EXAMPLES The present invention will be specifically described with reference to Examples. The mixing ratio of each component is part by weight.

<Examples 1 to 3 and Comparative Examples 1 to 3> Each component having the composition shown in Table 1 and an inorganic filler were blended and kneaded with a three-roll mill to obtain a resin paste. After defoaming the resin paste at 2 mmHg for 30 minutes in a vacuum chamber, various performances were evaluated by the following methods. Table 1 shows the evaluation results.
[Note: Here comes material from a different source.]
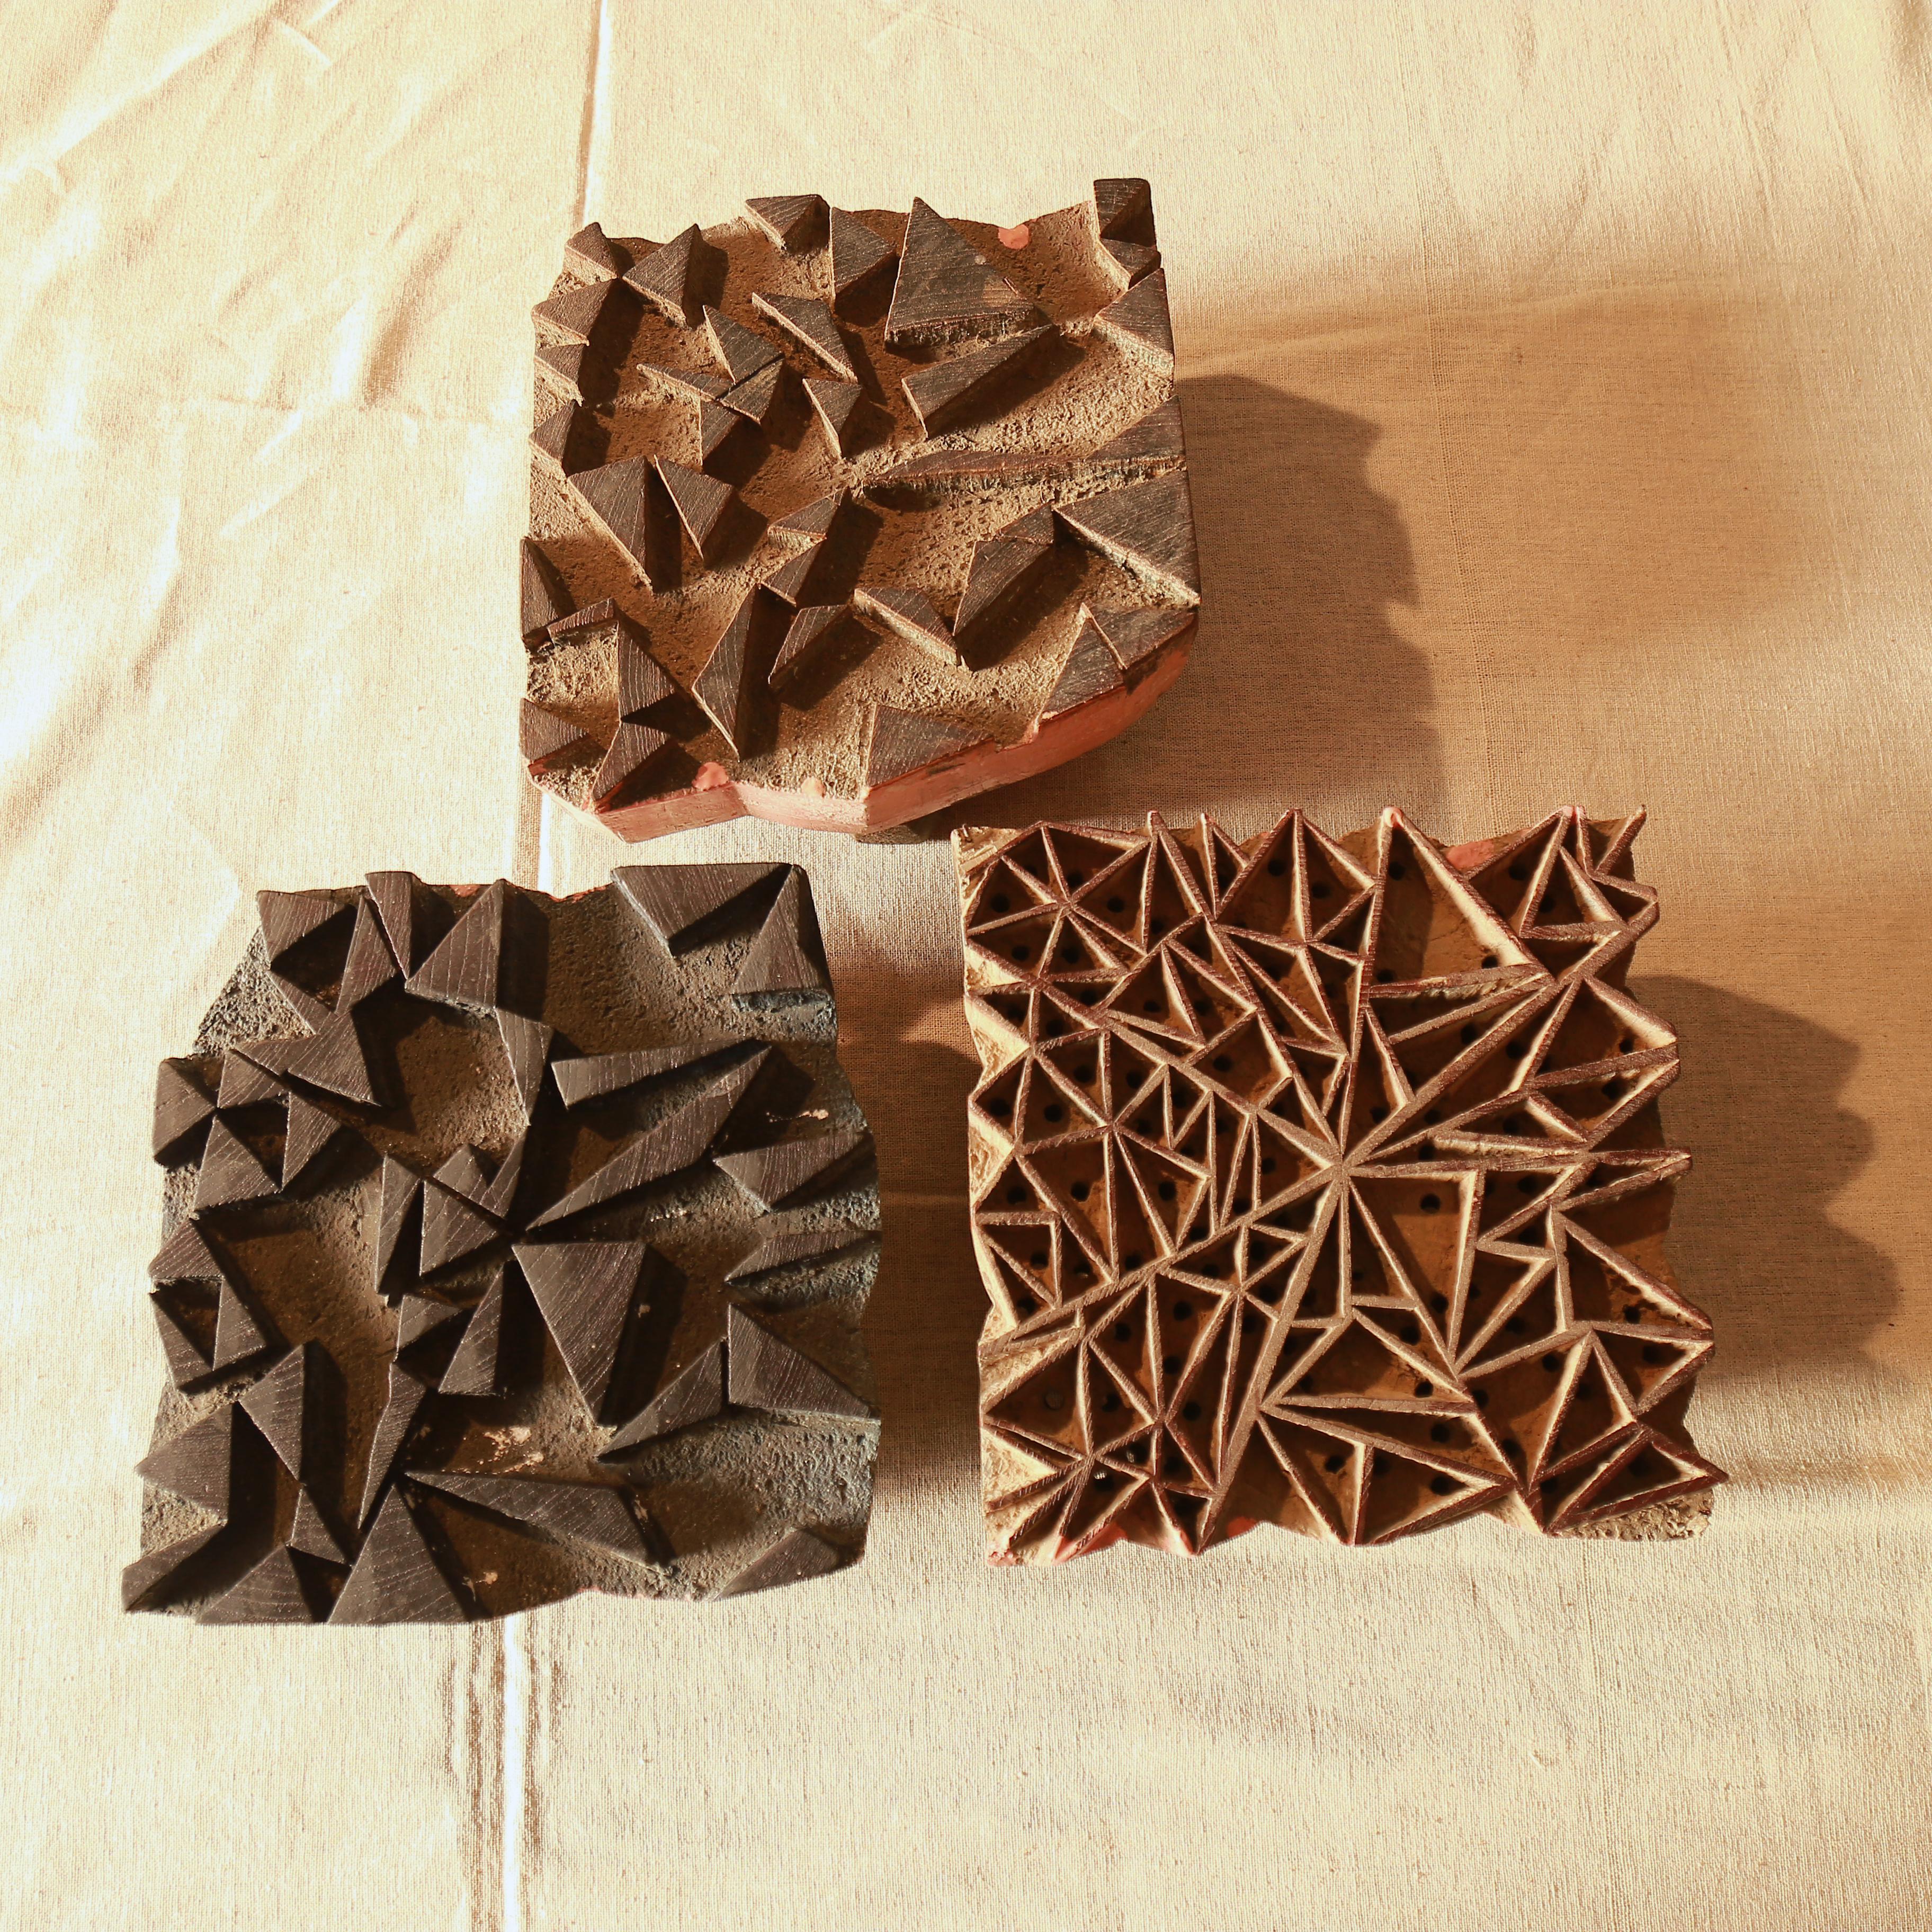 SIK34 - Indian Block-Printed Cotton - Shattered Design - Indigo, Red & Black Dye - Blocks

<Raw materials used> Epoxy resin (A) Mixed epoxy resin (EP) consisting of 70 parts of bisphenol A type epoxy resin (viscosity 9000 mPa · s, epoxy equivalent 185) and 30 parts of phenyl glycidyl ether • Latent curing agent (B) Dicyandiamide (DDA)-Imidazole compound (C) 2-allyl-4,5-diphenylimidazole (IMZ-
A) 2-Methyl-imidazole (IMZ-B)-Inorganic filler (D) Silver powder, flakes having a particle size of 0.1 to 50 m and an average particle size of 3 m

<Evaluation method> Viscosity: 25 ° C. using an E-type viscometer (3 ° cone);
The value at 5 rpm was measured and defined as viscosity. Adhesive strength: A 2 × 2 mm silicon chip was mounted on a copper frame using a paste and cured on a hot plate at 200 ° C. for 60 seconds. After curing, use a mount strength measurement device.
The adhesive strength under heat at 250 ° C. and 250 ° C. was measured. Pot life: The number of days until the viscosity when the resin paste was allowed to stand in a thermostat at 25 ° C. increased to 1.2 times or more the initial viscosity was measured. Chlorine ion amount: The paste was cured at 200 ° C. for 60 minutes and then pulverized. 40 g of pure water was added to 2 g of the pulverized product, and hot water extraction was performed at 125 ° C. for 20 hours, and the chloride ion concentration was measured from the obtained extract by ion chromatography.

[0016]

[Table 1]

[0017]

[Table 2]

In Examples 1 to 3, a resin paste having a high adhesive strength, a long pot life, and a small amount of chlorine ions was obtained. In Comparative Example 1, however, the amount of IMZ-A added was small and the adhesive strength at heating was low. Was. In Comparative Example 2, the pot life was shortened because the amount of IMZ-A added was too large. In Comparative Example 3, the chloride ion concentration was high because IMZ-B was used.

[0019]

The resin paste for semiconductors of the present invention can be rapidly cured in an in-line device, and a highly reliable semiconductor device having a small amount of chlorine ions in a cured product can be obtained.

Claims (2)

[Claims] 1. An epoxy resin, (B) a latent curing agent, (C) 2 allyl-4,5 diphenylimidazole,
(D) A resin paste for a semiconductor, comprising an inorganic filler, wherein the component (C) is 0.5 to 10 parts by weight based on 100 parts by weight of the component (A). 2. A semiconductor device manufactured using the resin paste for a semiconductor according to claim 1.